Jenesis saw him and her eyes ran over him in stark, rapid appraisal. He was covered in raw, freshly healing scars, the nature of which she could easily imagine.
They had been killing him. Over and over again. Every mortal injury they could come up with. She saw evidence of it all over his body. He hadn’t had enough time to fully heal, so the scars were bright and pink. Tears jumped into her eyes as she threw herself against the bars, reaching to take his face in her hands and pulling his mouth to hers.
“I’m so sorry,” she wept.
But his hands felt so good, incredibly good as they caught her by the backs of her shoulders and held her up to him as well as he could with the cold gray impediment between them.
“There are cameras everywhere,” he rasped as he checked her over for changes. “We don’t have time.”
But even as she fumbled with her key card she felt him growling softly into her mouth. She responded in kind, the sound coming out of nowhere.
The cage lock beeped open as they both pulled back in surprise and stared at each other. Kincaid swung around the door threshold, his hands never leaving her. He bent quickly to sniff beneath her left ear.
“What?” She knew something was wrong. And she was too smart not to know what was happening. But anxiety was blocking her comprehension. She broke away from him except for his hand, pulling him toward the door. “You have to go! There’re two guards at the end of the hall, and my card will take you up to the top dormitory level. But . . .”
“Jena.”
He stopped her, pulling her back toward him. He lifted her hand, the fingers that gripped his with painful fear, and touched his lips to them.

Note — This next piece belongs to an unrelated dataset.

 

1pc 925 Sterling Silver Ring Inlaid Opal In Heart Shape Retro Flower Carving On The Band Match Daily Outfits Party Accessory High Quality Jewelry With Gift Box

She shook her head, tears leaping into her eyes, her voice suddenly gone.
“What’d he do to you, babe?”
She shook her head again. “Nothing more than what I deserved,” she croaked. How iro
nic this was, she thought. But it made sense, didn’t it? Paulson found her to be the most precious of commodities. He wouldn’t want anything to happen to his golden goose. And there was only one way he could guarantee that.

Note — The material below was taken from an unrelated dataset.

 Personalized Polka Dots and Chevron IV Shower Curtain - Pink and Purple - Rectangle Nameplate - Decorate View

She realized all of the itching under her skin had stopped the minute she’d come into contact with Kin. It had changed into something else. A hunger. A wild, unbelievable hunger. A hunger so extreme that her mouth began to ache. It made her realize she’d hardly eaten a thing these past few days. It made her realize a lot of things.

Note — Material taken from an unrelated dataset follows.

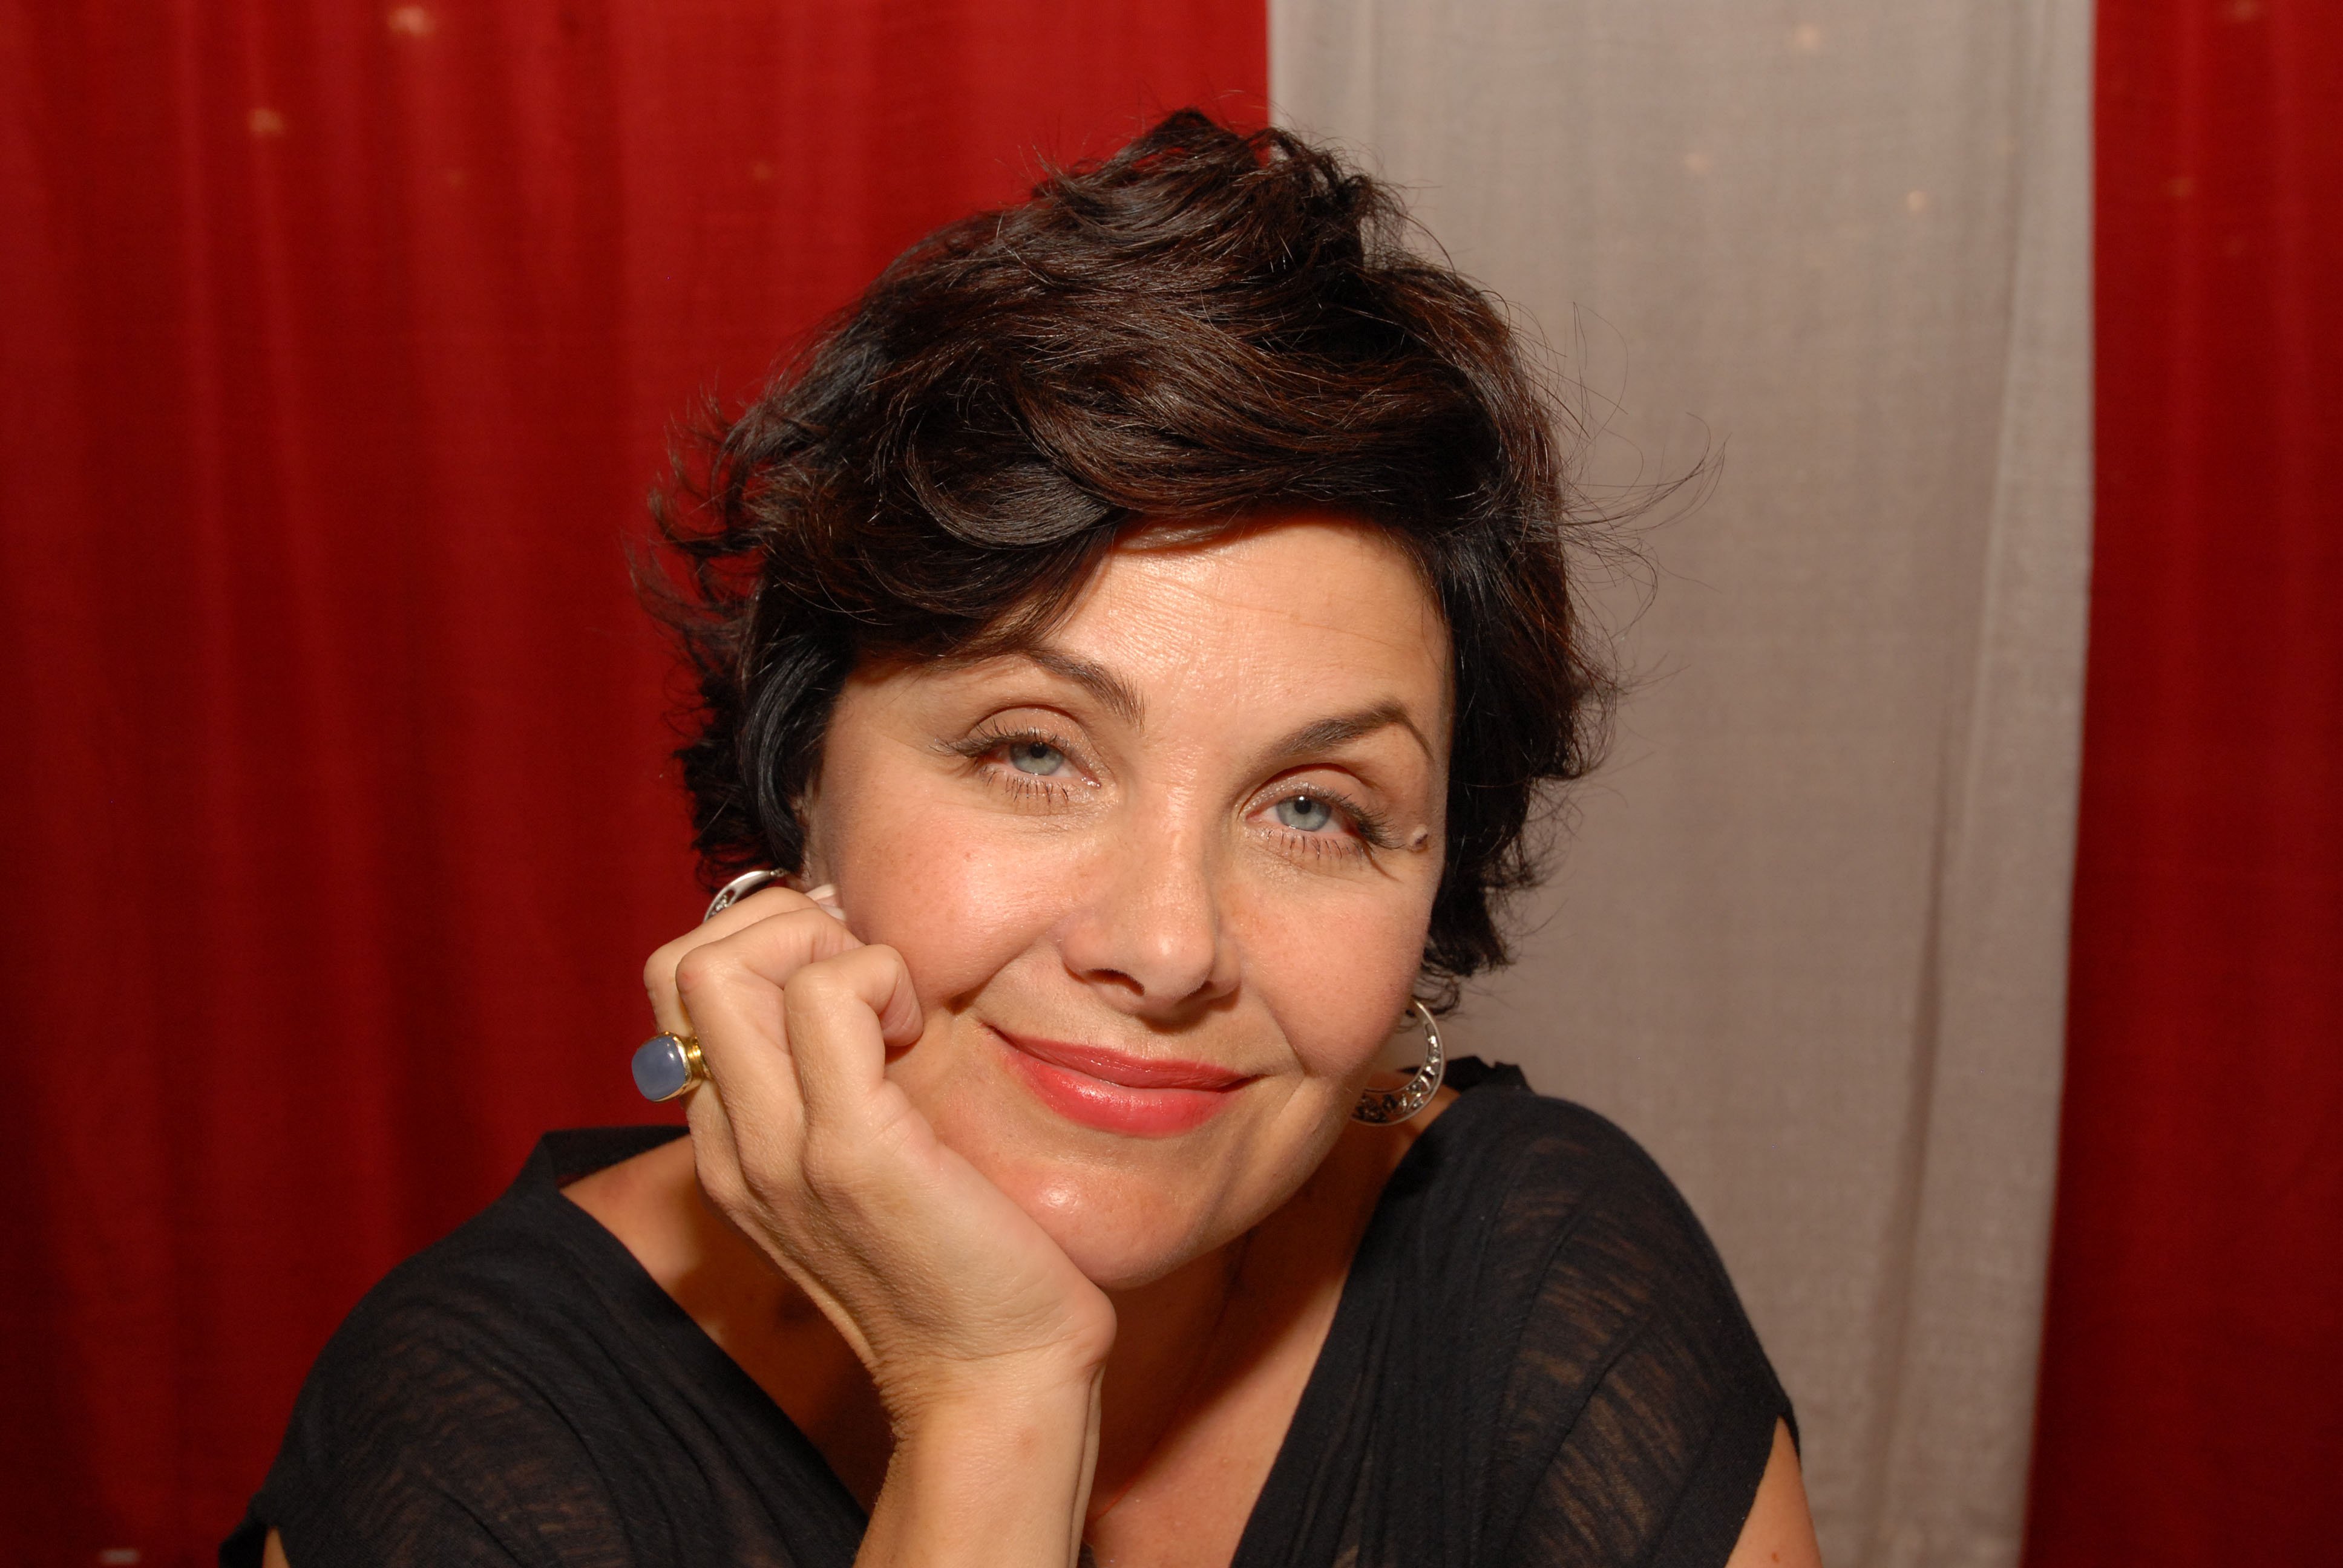 Sherilyn Fenn appears at day 1 of Motor City Comic Con 2012. Fenn portrayed Anna Nardini during season 6 and 7 of 'Gilmore Girls'

“It doesn’t matter,” she said hastily, trying to push all that aside, trying again to pull him toward the door. “You have to go!”
“I have to go? And what about you?” he demanded.
“I don’t have the strength to keep up with you. I’ll stay behind as a distraction. If I go he’ll just tear up the world hunting me down again. It’s more important that you get free.”
“And you think I’ll do that? You think I’ll leave you here to suffer a lifetime of Paulson’s retributions? To suffer his tactics as he tries to force you to give up a technique you don’t have?”
“Actually, I already suspected she didn’t have it.”
They both jolted around to see Paulson standing in the doorway, and Jenesis felt her entire world bottom out. Of course. Of course, she thought numbly. Paulson was too thorough for it to make any sense that she would be able to get past guards and locks so easily. But she hadn’t thought of that. She’d had a single-minded focus. She’d needed to get to Kincaid. She needed him. Even as she stood there, she felt her whole body burning with that need. As he pulled her protectively against himself, she felt her body wriggling of its own accord to burrow against him. Heat burned through her as she came into snug contact with him. A heat like nothing she’d ever felt. She forgot all about Paulson. Forgot all about their chances for escape evaporating into thin air.